→ Task to complete
Restate the listing below line for line and word for word, without the pictures.

→ Exercise data
▶

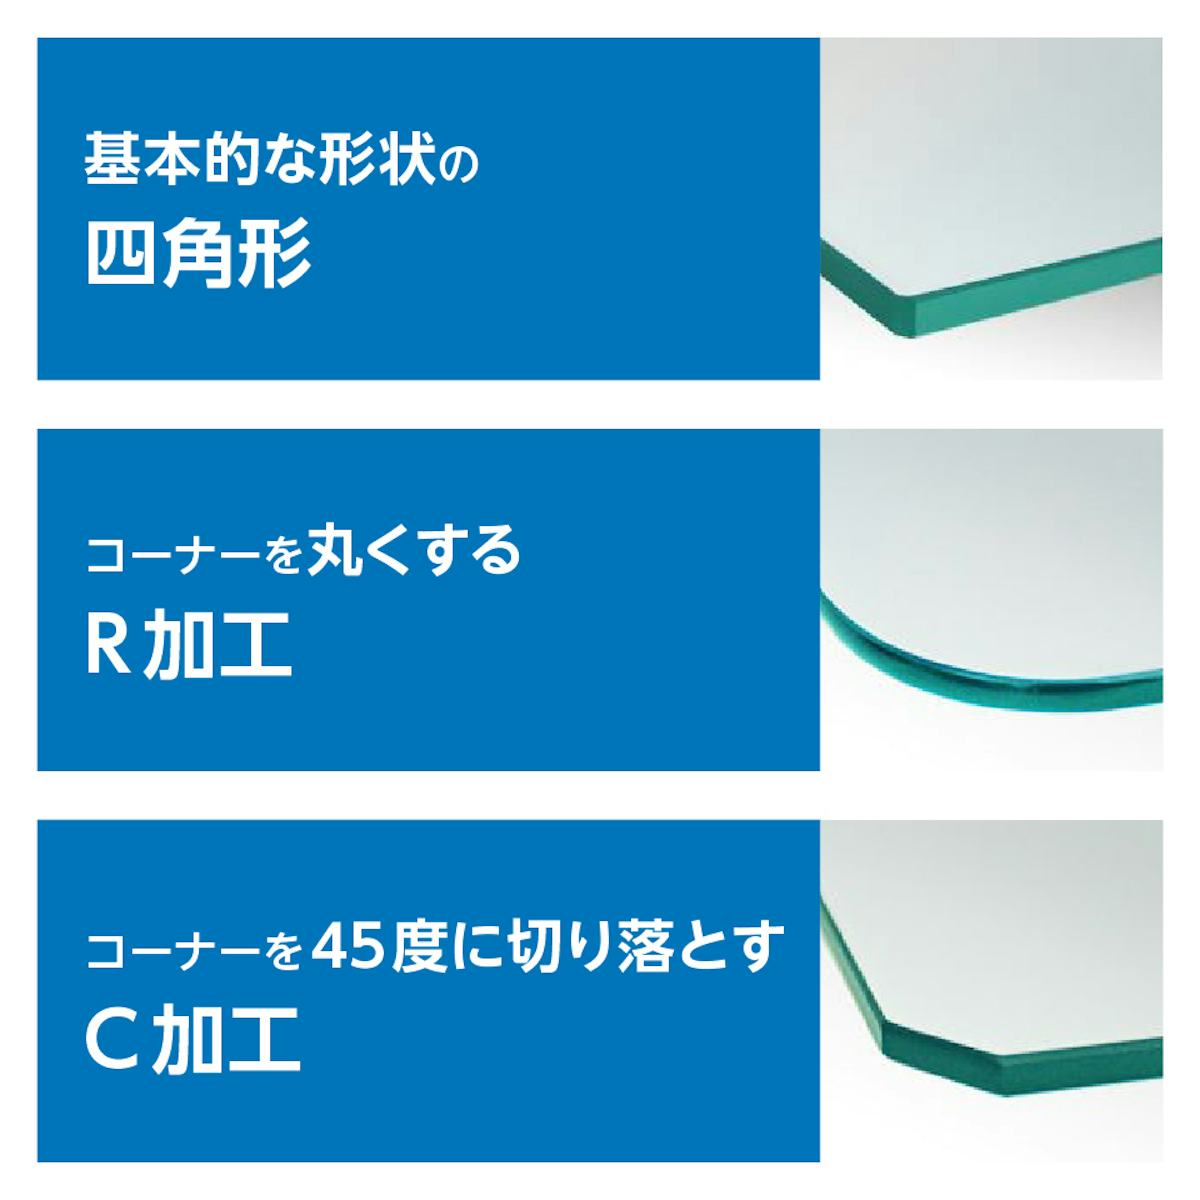 「強化ガラス：棚受けダボセット(ガラス地用)」で使うガラス棚板は、角をR加工やC加工できる
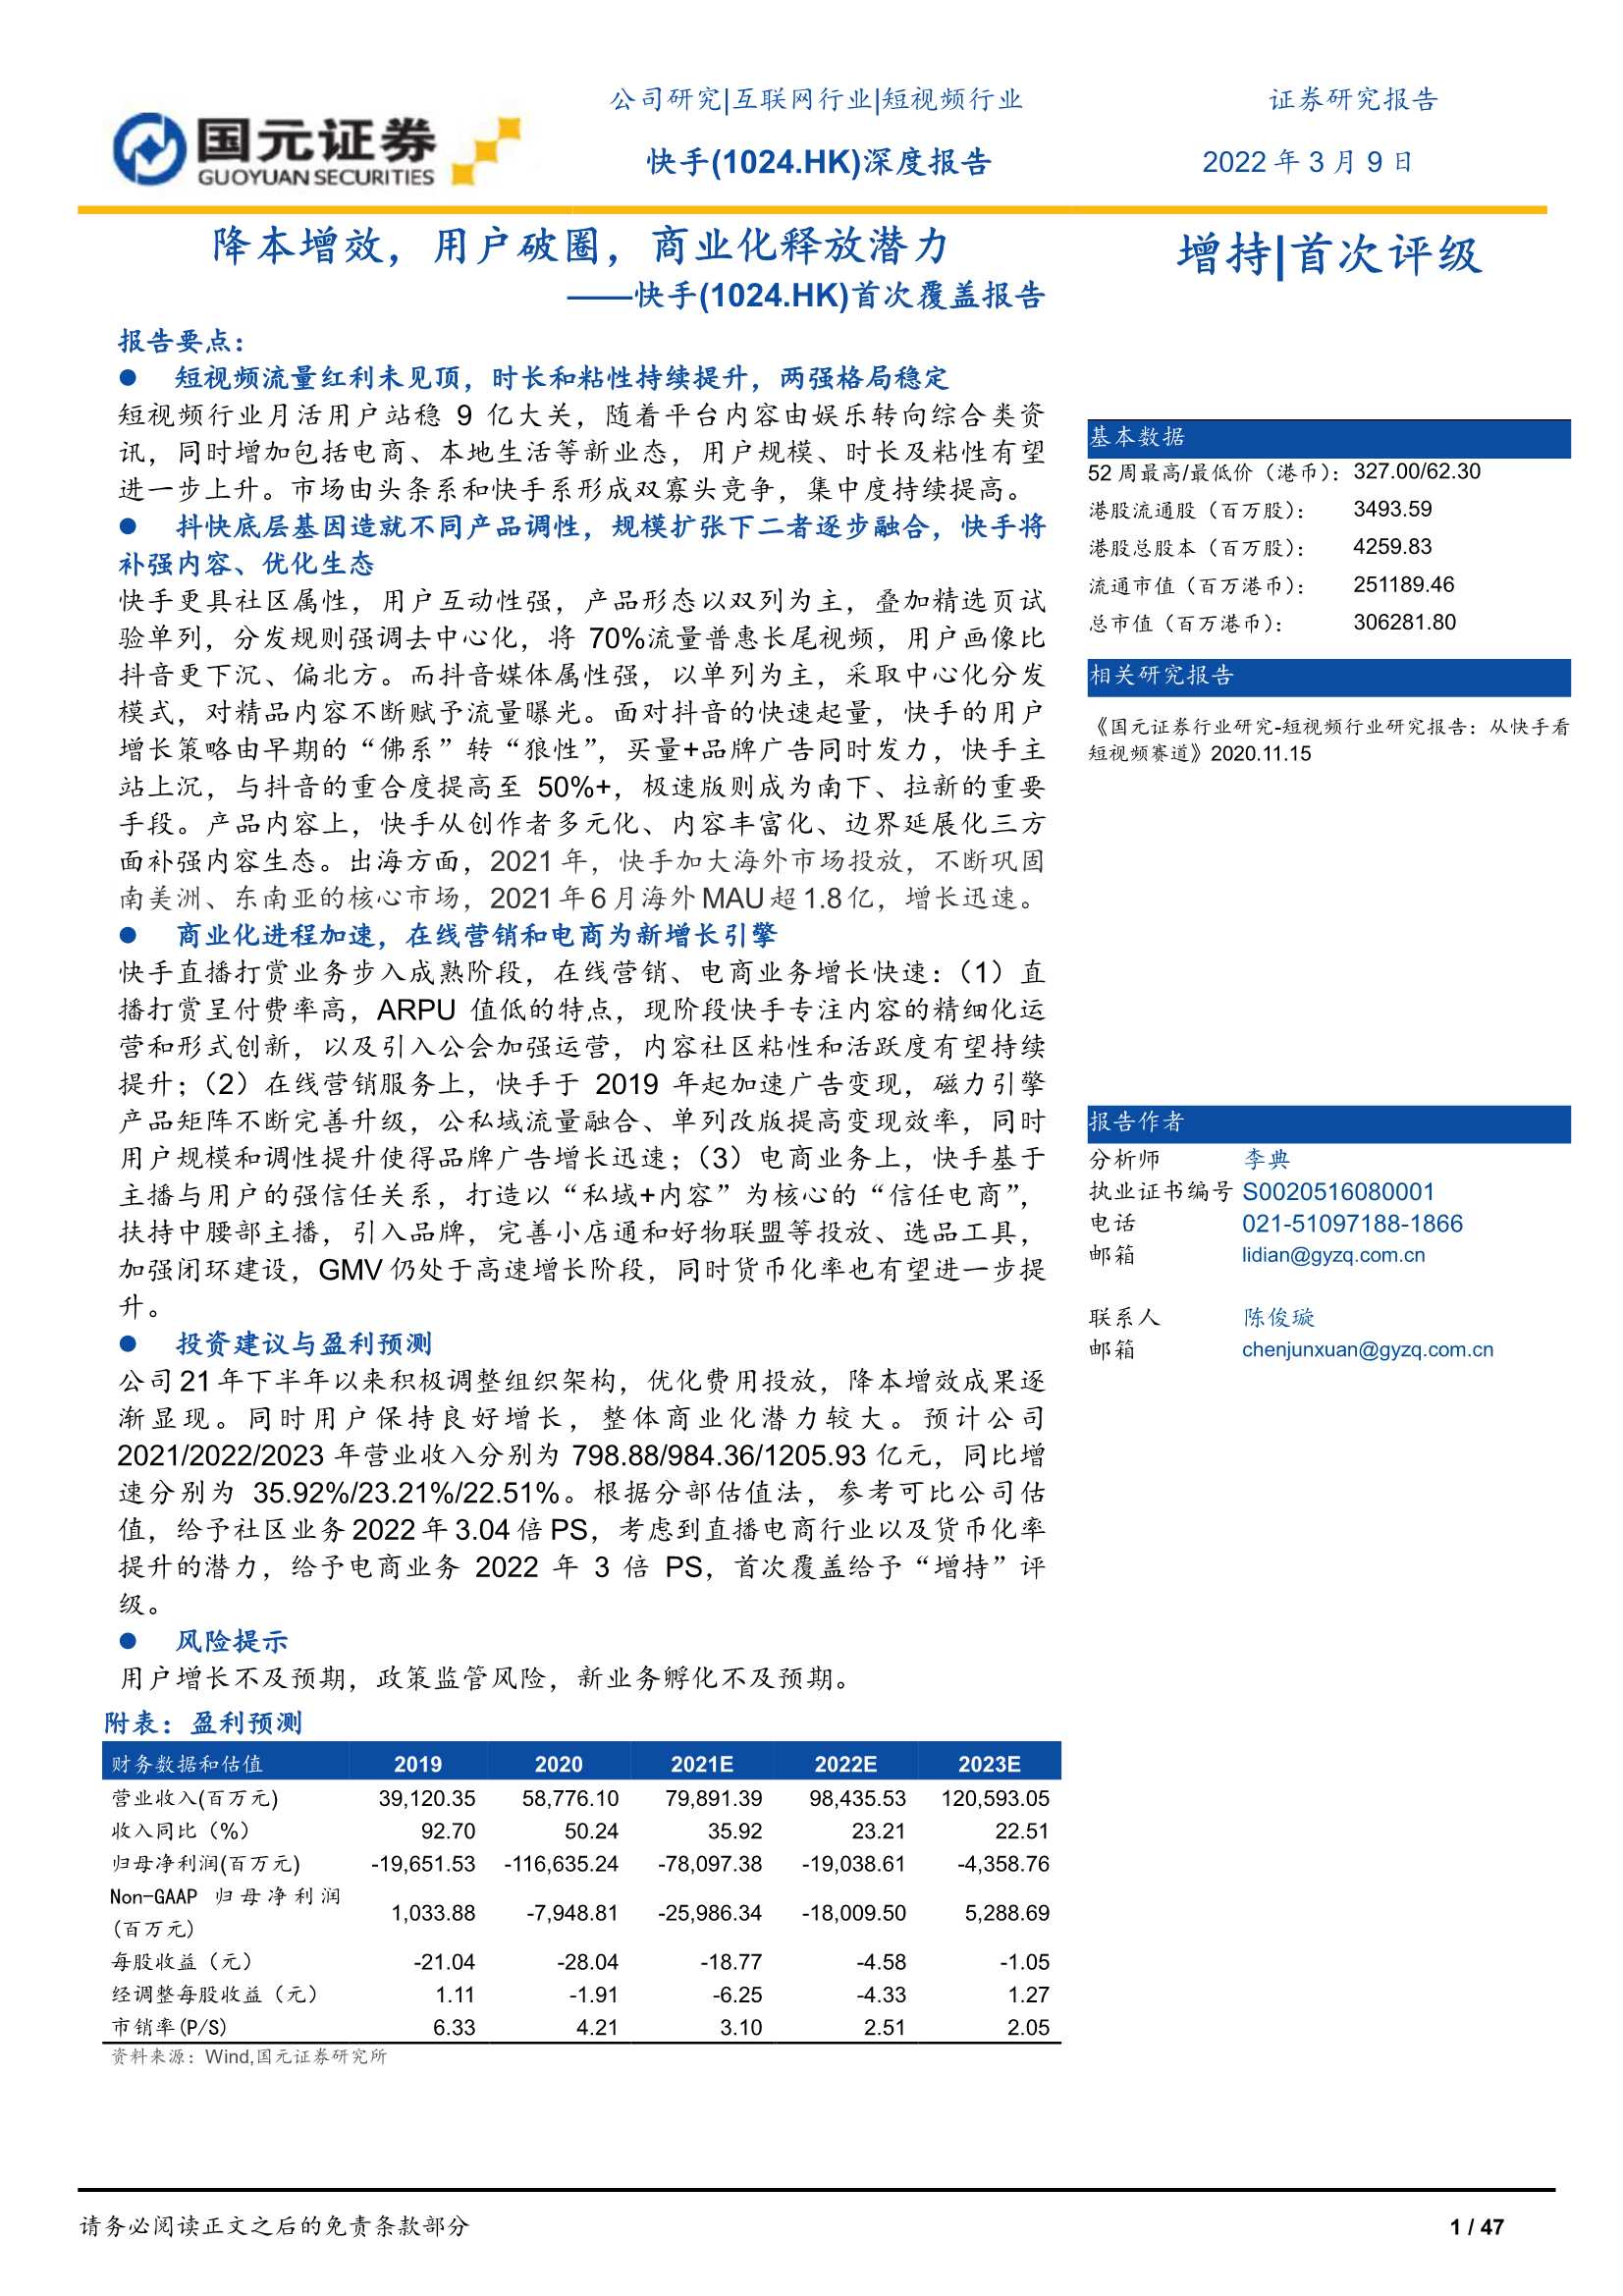 国元证券-快手-1024.HK-首次覆盖报告：降本增效，用户破圈，商业化释放潜力-20220309-47页
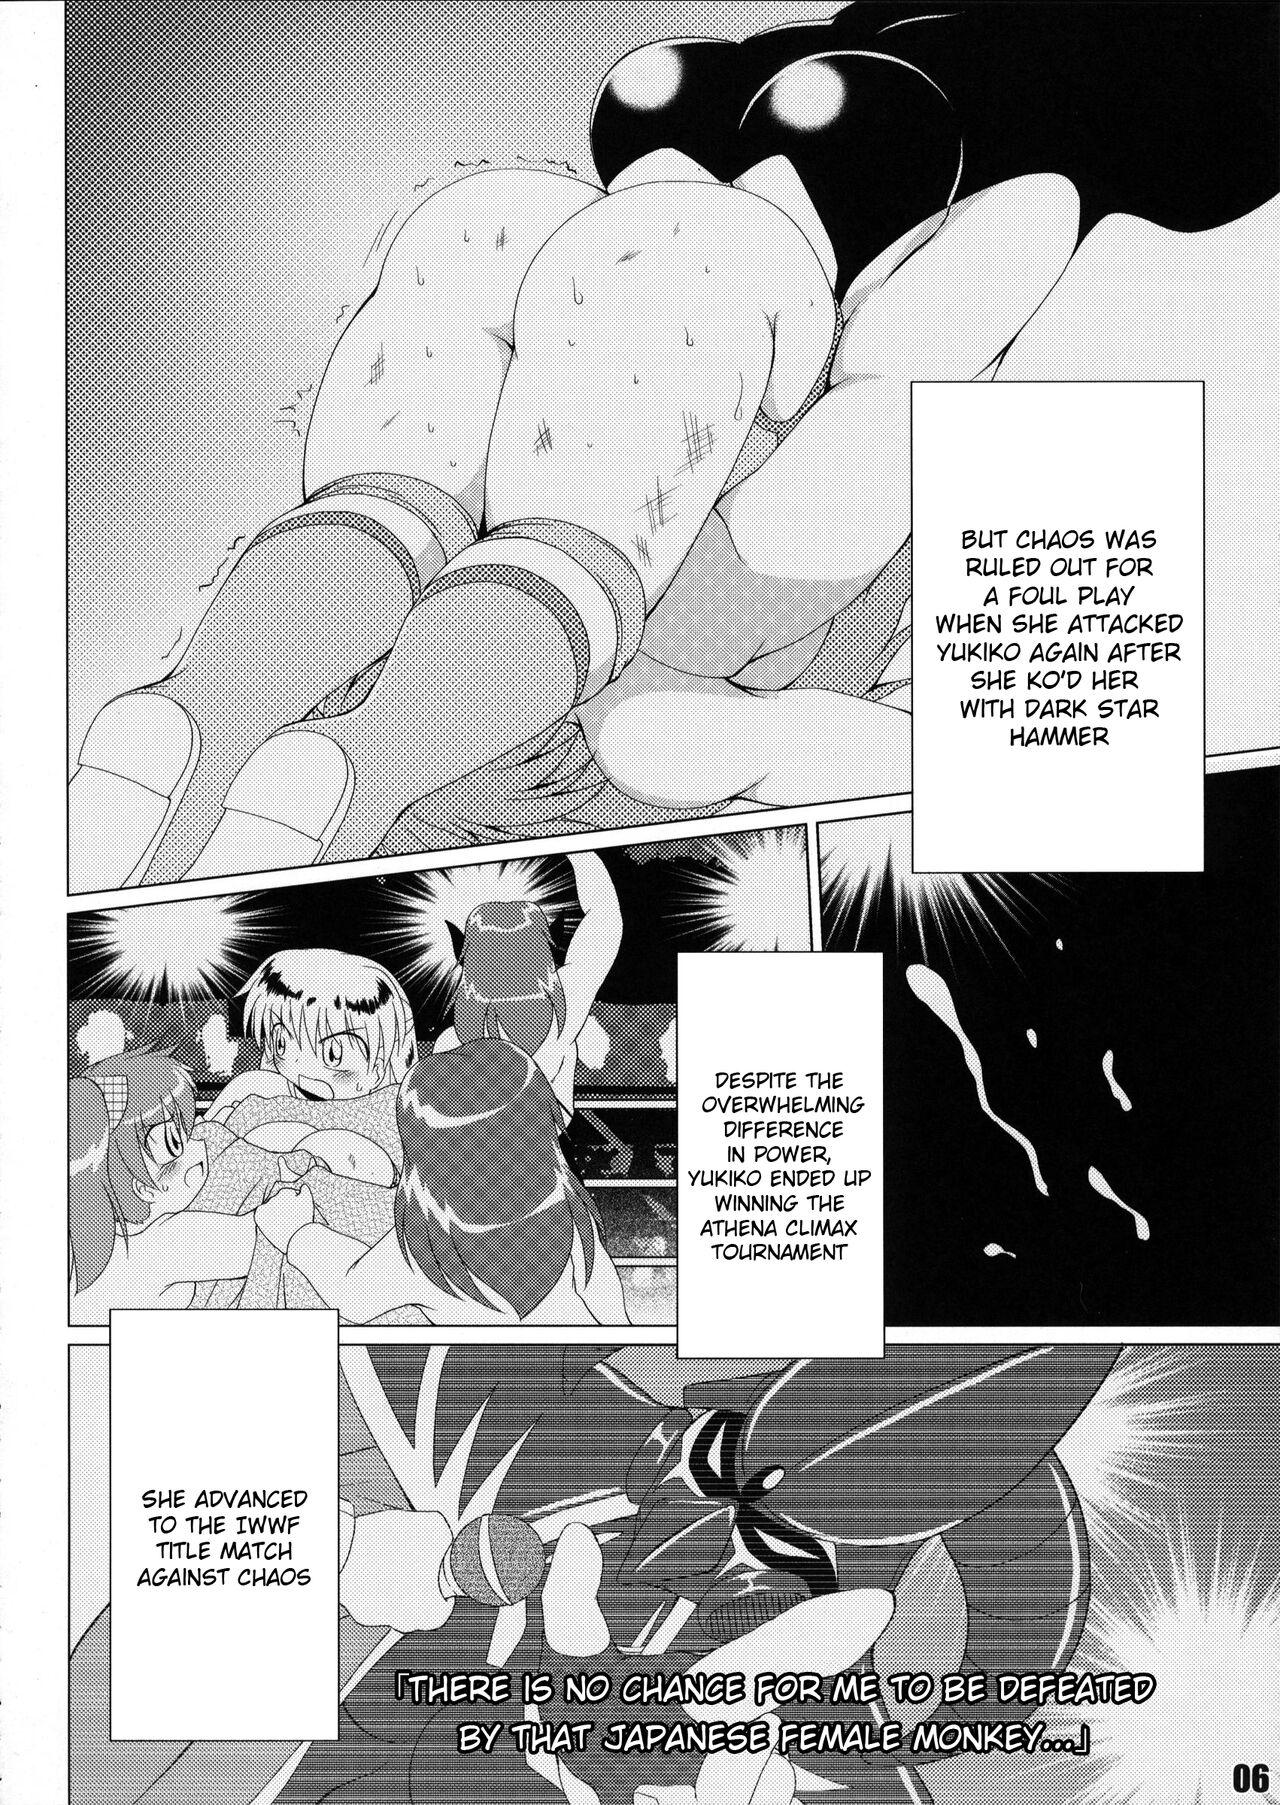 Fucked Hard (COMIC1☆6) [Soket=Pocket (Soket)] Mighty Yukiko vs Dark Star Chaos (FALLIN' ANGELS4 (WRESTLE ANGELS)) - Wrestle angels Culo Grande - Page 2
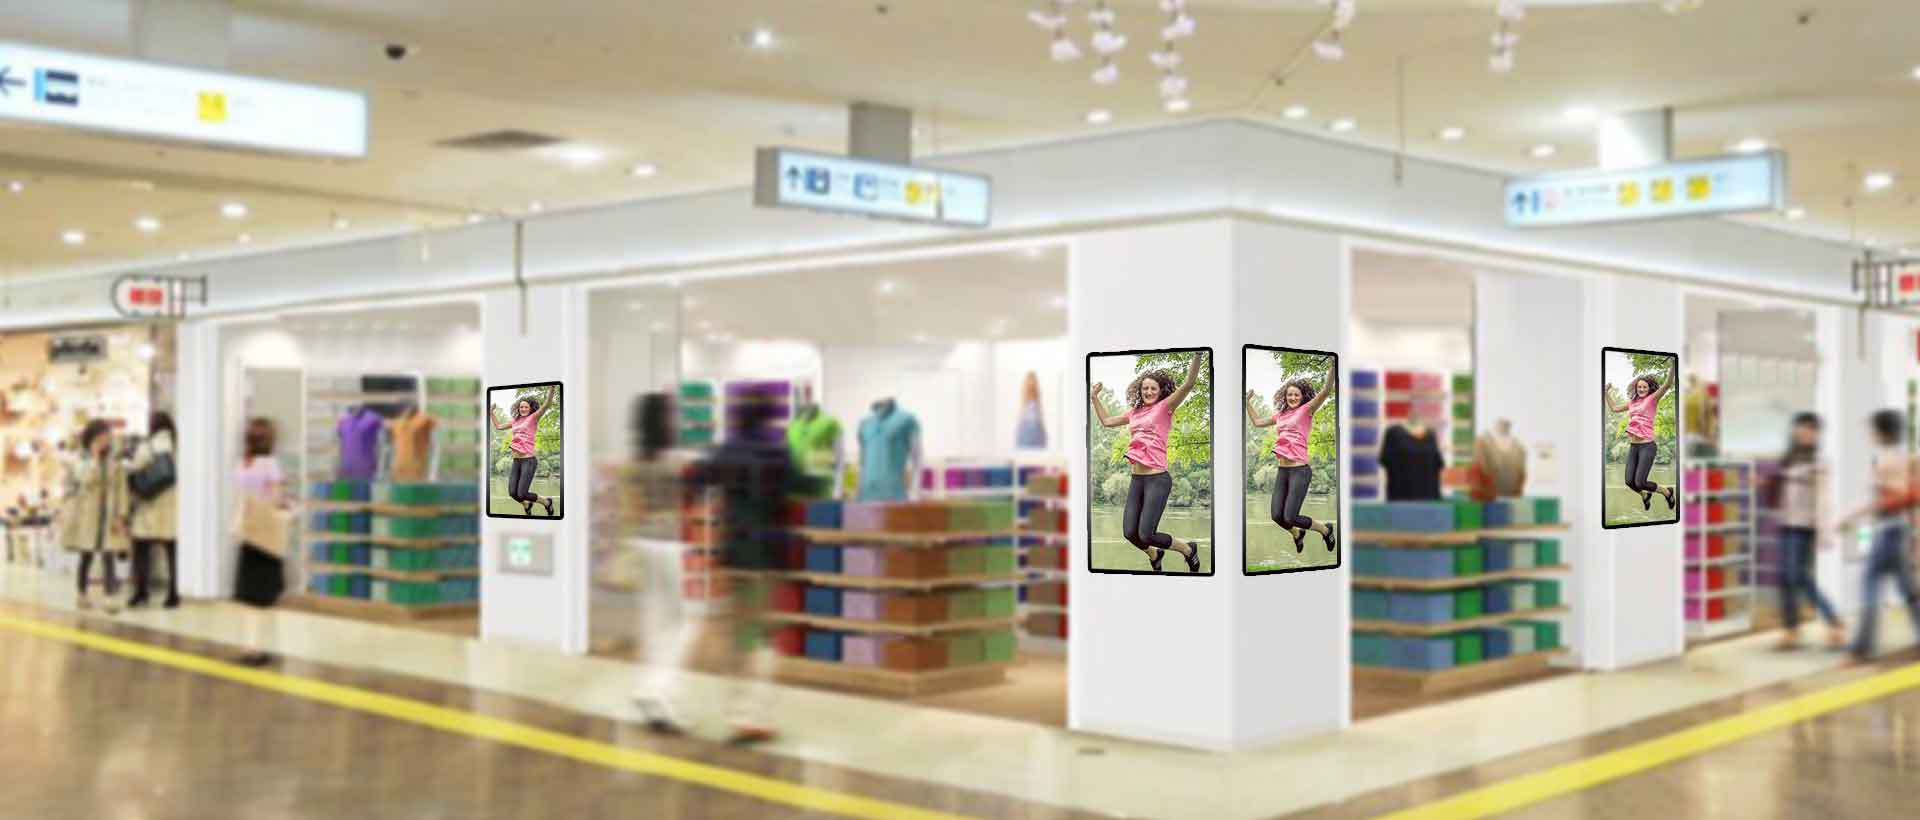 店舗入り口に43型液晶ガラストップデジタルサイネージを設置したイメージ画像

◀

→ Expected answer
 「強化ガラス：棚受けダボセット(ガラス地用)」で使うガラス棚板は、角をR加工やC加工できる
 国元证券-快手-1024.HK-首次覆盖报告：降本增效，用户破圈，商业化释放潜力-20220309-47页
 Fucked Hard (COMIC1☆6) [Soket=Pocket (Soket)] Mighty Yukiko vs Dark Star Chaos (FALLIN' ANGELS4 (WRESTLE ANGELS)) - Wrestle angels Culo Grande - Page 2
 店舗入り口に43型液晶ガラストップデジタルサイネージを設置したイメージ画像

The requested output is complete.